[TASK OBJECTIVE] Scan the material that follows for lines with "Diameter". Answer with how many there are, nothing else.

[DATA BLOCK]
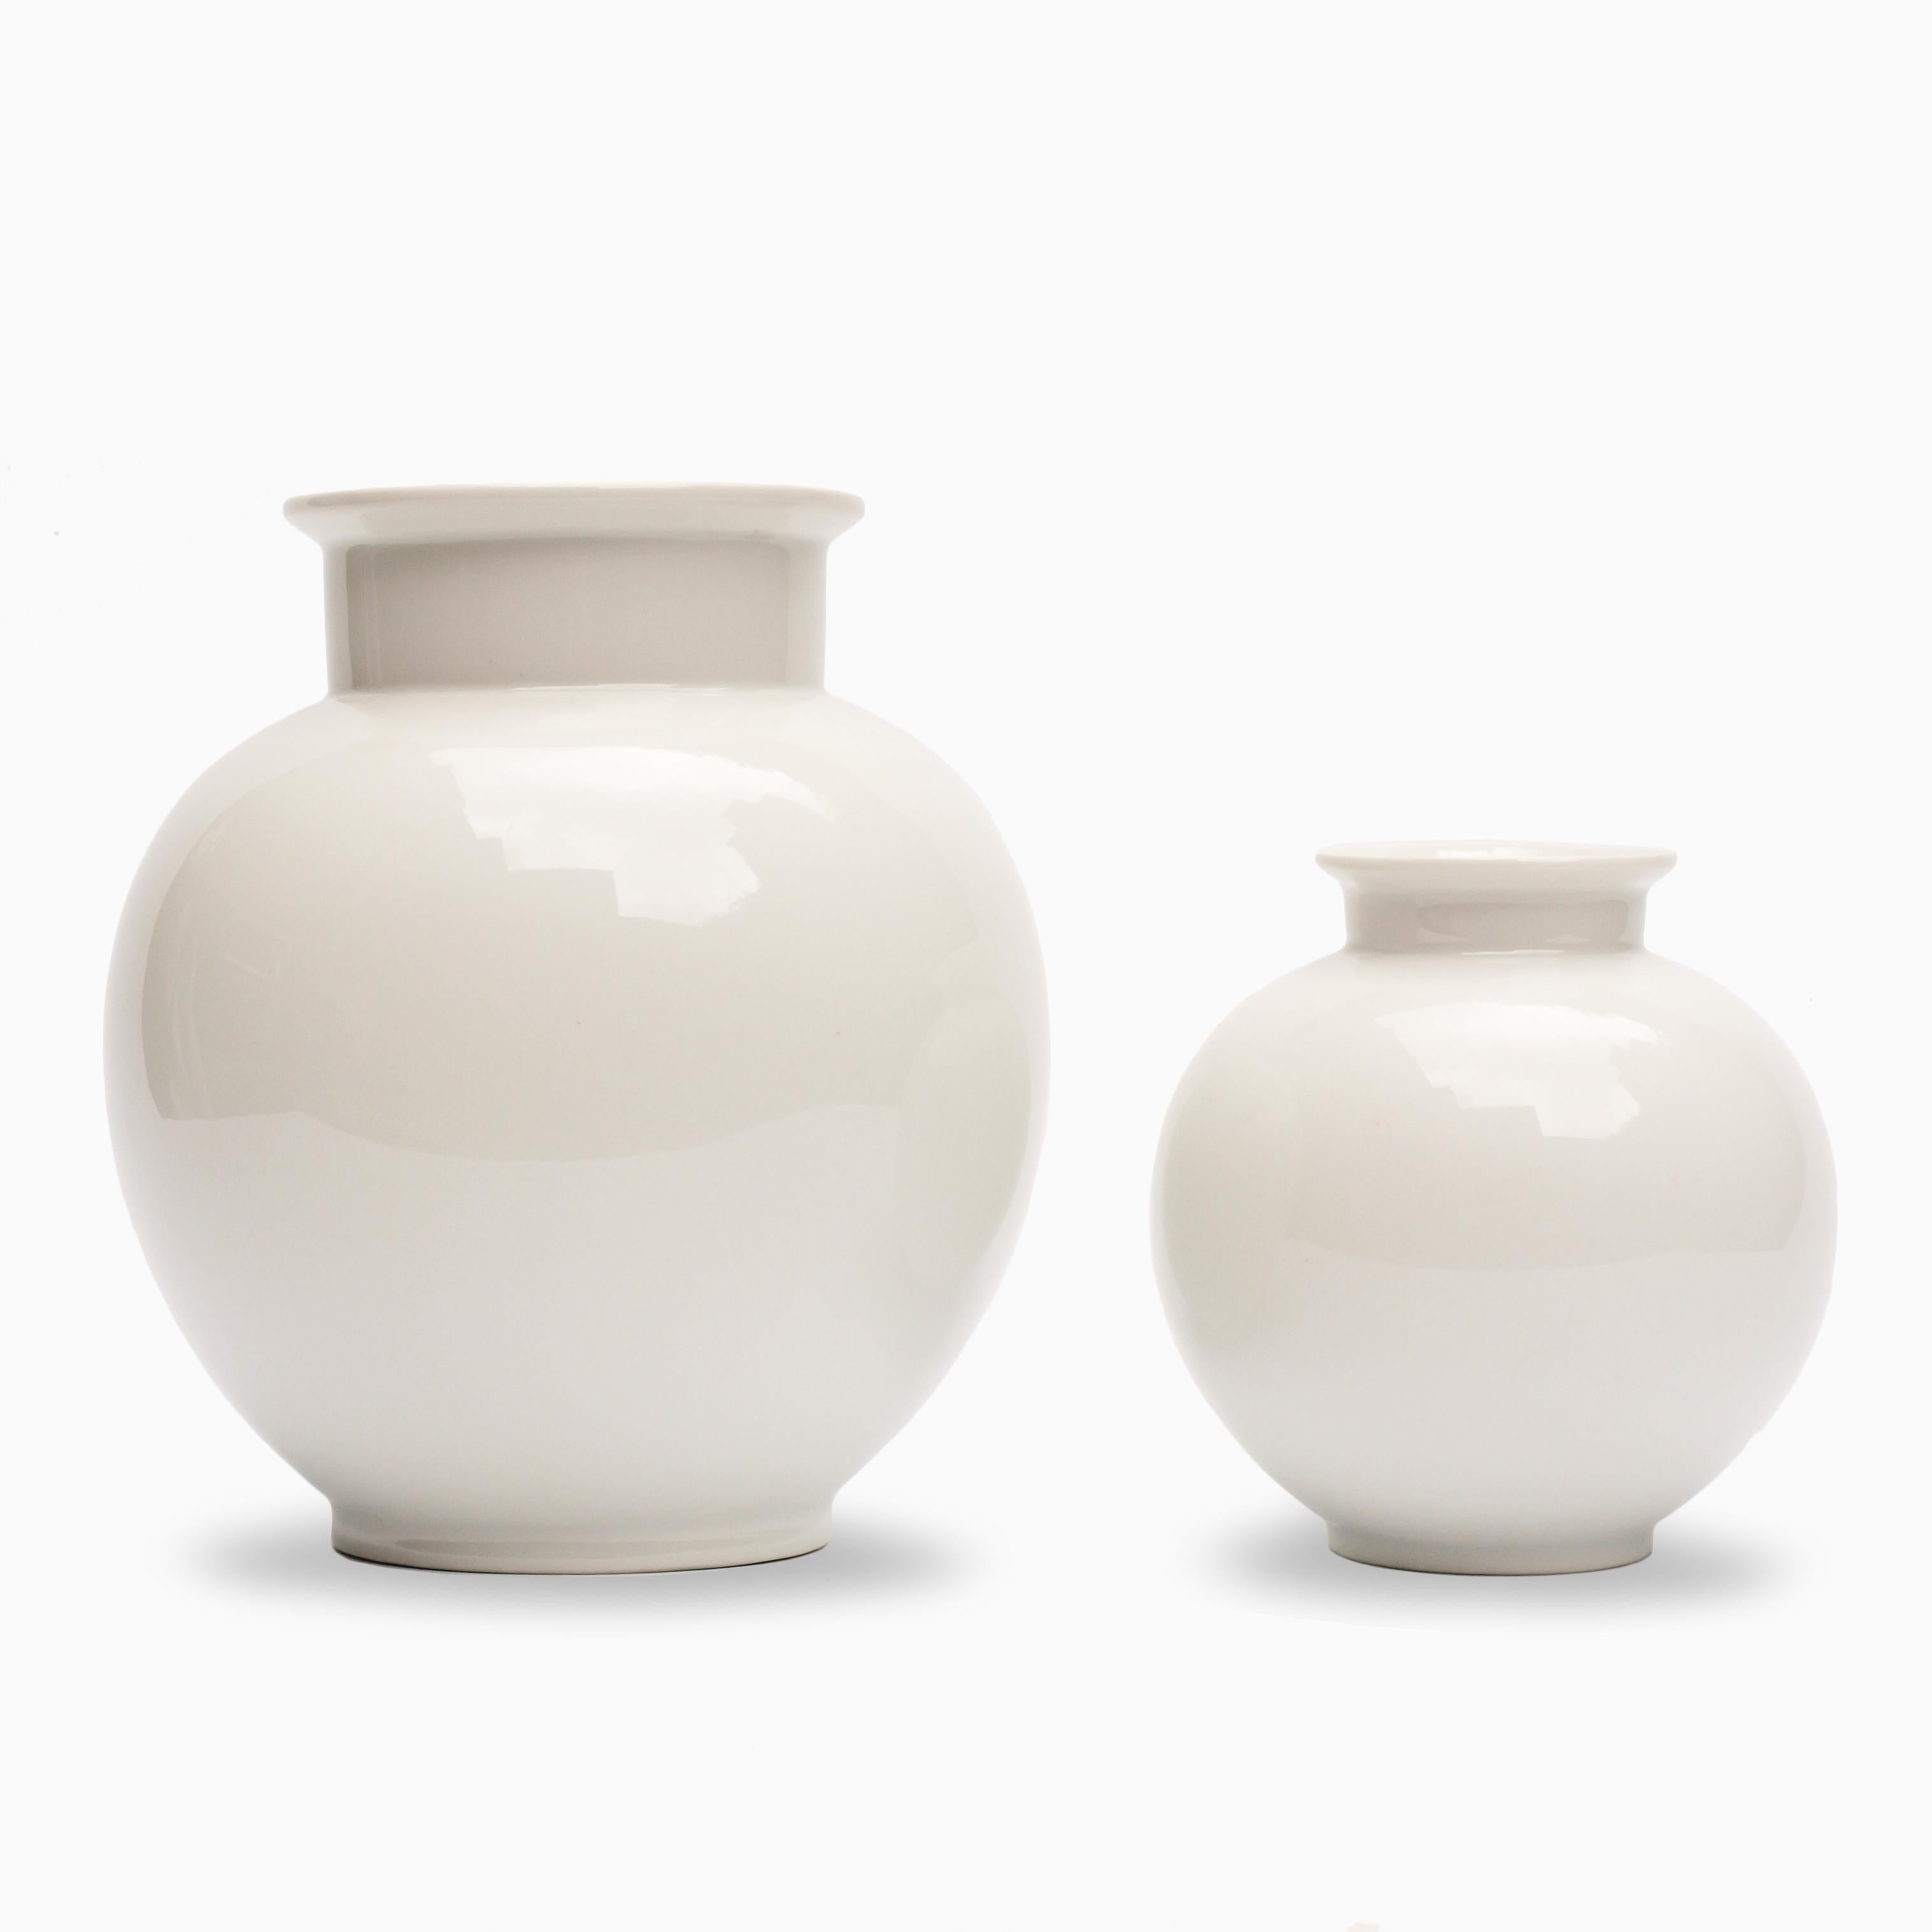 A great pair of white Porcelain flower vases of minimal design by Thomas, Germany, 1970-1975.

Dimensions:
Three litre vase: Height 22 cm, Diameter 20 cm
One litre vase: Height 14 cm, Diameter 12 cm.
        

[TASK RESPONSE] 2